COMMONWEALTH OF MASSACHUSETTS APPEALS COURT
Nov 6, 2014
13-P-969 (Mass. App. Ct. Nov. 6, 2014)

Opinion

13-P-969

11-06-2014

COMMONWEALTH v. MICHAEL CATES.


NOTICE: Decisions issued by the Appeals Court pursuant to its rule 1:28 are primarily addressed to the parties and, therefore, may not fully address the facts of the case or the panel's decisional rationale. Moreover, rule 1:28 decisions are not circulated to the entire court and, therefore, represent only the views of the panel that decided the case. A summary decision pursuant to rule 1:28, issued after February 25, 2008, may be cited for its persuasive value but, because of the limitations noted above, not as binding precedent.

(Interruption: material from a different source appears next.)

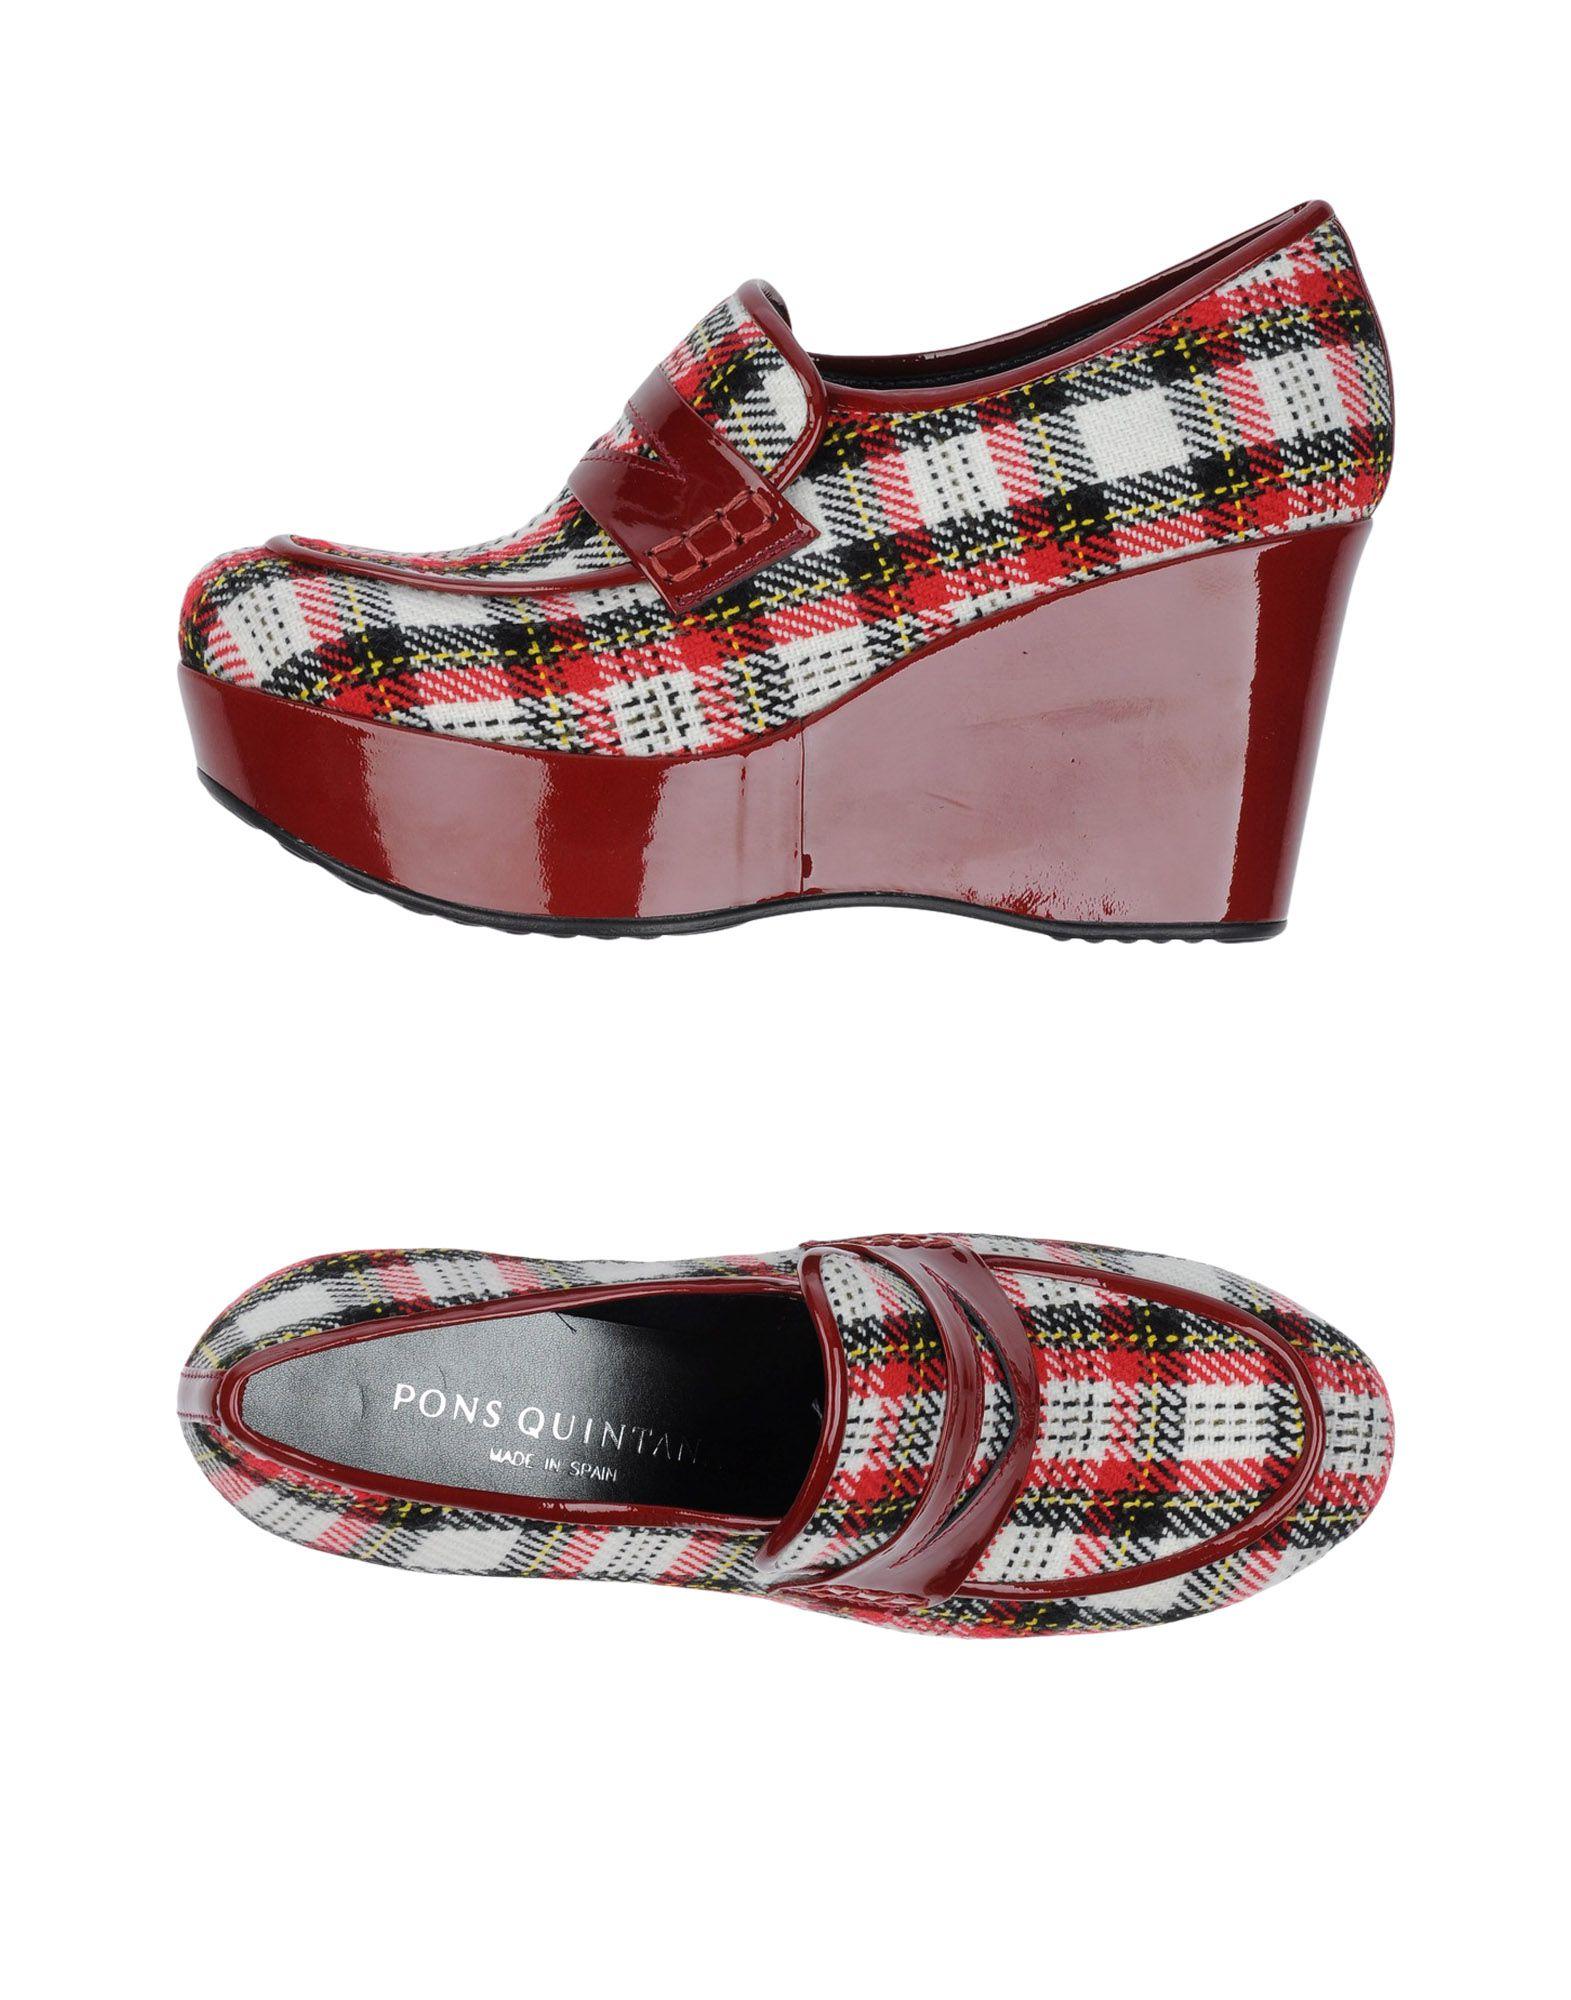 Pons Quintana Mokassins Damen  11256481GD Gute Qualität beliebte Schuhe

MEMORANDUM AND ORDER PURSUANT TO RULE 1:28

After a jury trial, the defendant was convicted of assault and battery causing serious bodily injury in violation of G. L. c. 265, § 13A(b)(i). On appeal, he claims there was insufficient evidence that the victim suffered a serious bodily injury, the judge improperly permitted the Commonwealth to elicit evidence of gang affiliation, and ineffective assistance of counsel. We affirm.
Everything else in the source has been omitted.